Chicago is a city defined by team effectiveness. The 1980s Bears, 1990s Bulls, and the Cubs of late have thrilled and shaped the APS 16 th Annual Convention’s host city with their collaborative approaches and resulting successes. Presenters C. Shawn Burke, Barbara Fritzsche, Steve Zaccaro, and Steve Fiore, University of Central Florida, and APS Charter Member Nancy Cooke, Arizona State University-Eat, covered a range of team-efficacy ideas in their symposium “Emerging Theoretical and Empirical Approaches Used in Team Effectiveness Research.”

Just as the dynamics of sports teams have changed in recent years, teams in the business and scientific worlds have also undergone a revolution of sorts. Although unimaginable in the relatively recent past, research is discovering that individuals that have never met face-to-face can function as a cohesive and effective team.

According to Burke, chair of the symposium, many business and research teams have evolved from small to large, real to virtual, and self-managing to hierarchical. In recent years teams have also increasingly interfaced with technology. While this technological merger has increased the success of many teams, Burke argued it has also amplified the physical distance between team members, resulting in greater complexity in communication and a substantial reformulation of team dynamics.

Fiore continued on this topic in speaking about his research on “distributed coordination space” and the application of cognitive psychology in studying team expertise. He described “distributed coordination space” as “a framework” which consists of social-cognitive dynamics, artificial components, and dynamic processes. Drawing on work from Endel Tulving (who coincidentally was Keynote Speaker at the APS convention), Fiore highlighted the importance of episodic (event-based) memory in facilitating team familiarity. According to Fiore, team members who share more experiences may be more familiar with each other and thus more cooperative, with the overall effect being increased team production. Sounding like a sports coach himself, Fiore concluded with the message: “Common ground must be achieved.”

The fact that team members appear to perform better when in the same physical location may appear obvious to any sports player, coach, or fan, but is co-location a necessary component of a successful business, research, or military team? Not necessarily, according to Cooke, who discussed the effects of geographic disparity on team effectiveness. Like many of this symposium’s presenters, Cooke’s research on team cognition is military-sponsored. She argued for a “gestalt” approach to team thought processes, noting that team cognition “emerges from the interplay of individual cognitions” and is “more than the sum of the cognitive processes of individual team members.”

Cooke’s work in the Cognitive Engineering Research on Team Tasks lab examines how soldiers function as a team over “distributed space.” Based on her research findings, Cooke concluded that dispersion is not detrimental to team performance, although the absence of co-location may hinder team dynamics. Specifically, she found that under increased workload teams that are in the same location demonstrate greater task knowledge than distributed teams. Cooke concluded by stating that dispersion may indeed by detrimental to team process (although not necessarily outcome) in that distributed teams talk and debrief less.

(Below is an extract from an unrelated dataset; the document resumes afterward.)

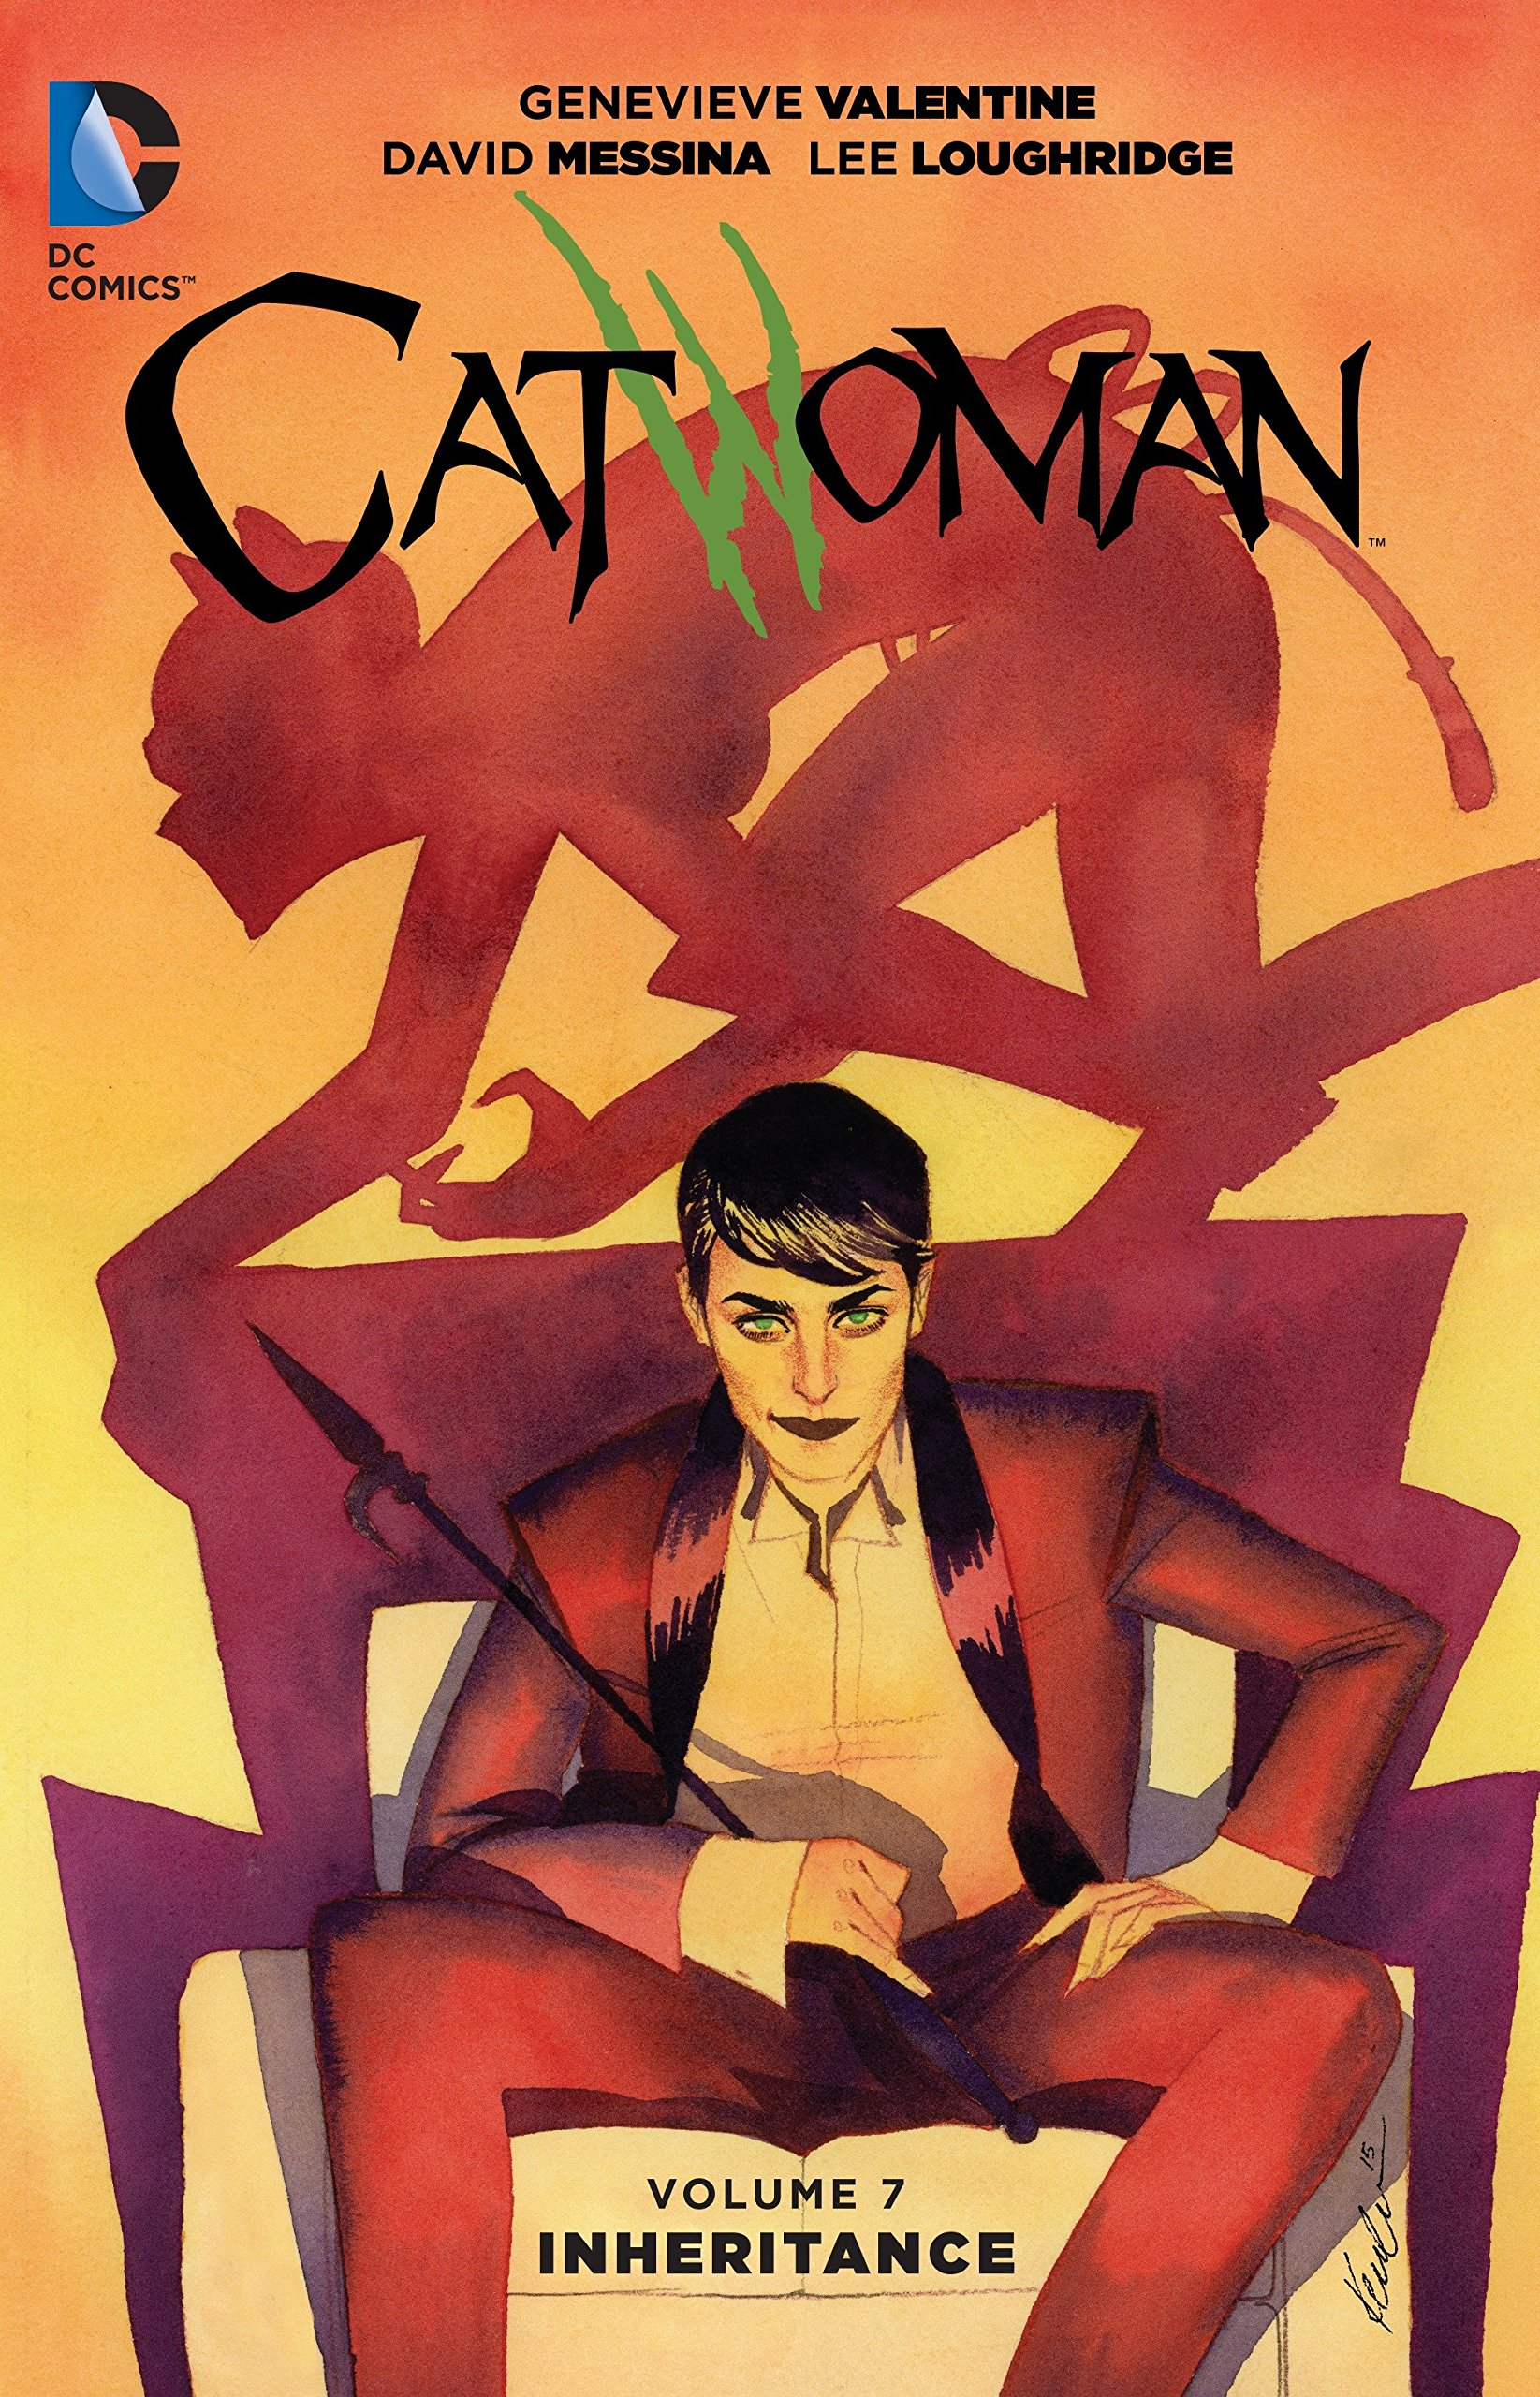 Catwoman Vol. 7: Inheritance pdf

In any team, members of diverse backgrounds must come together to form a cohesive unit in order to be successful. In his talk on “Leadership and Performance Requirements Across Different Types of Multicultural and Multinational Collaborations,” Zaccaro identified today’s leadership environment as “virtual, global, and still interdependent.” He identified many dimensions of culture relevant for team effectiveness, including individualism, collectivism, and long vs. short-term orientation. Zaccaro stated that the many problems in leadership result from differences in culture; as teams become increasingly multinational, team members must take into account existing cultural differences. Similar to successful sports teams, members of a successful business or research team not only know each other as professionals but also as people with varied backgrounds and experiences.

Fritzsche concluded the symposium with her talk “Improving Team Adaptability Using Contrasting Cases Training.” Fritzsche focused on how training can be used to encourage adaptability, saying that “instruction that results in learning how to recall information does not necessarily lead to learner’s use of that information.” Her examination of the strategies used in making military decisions uncovered differences in strategic and procedural knowledge among participants, although no differences were found on reactions and declarative memory. Fritzsche also found that interactive leadership methods are more effective than traditional instructional techniques.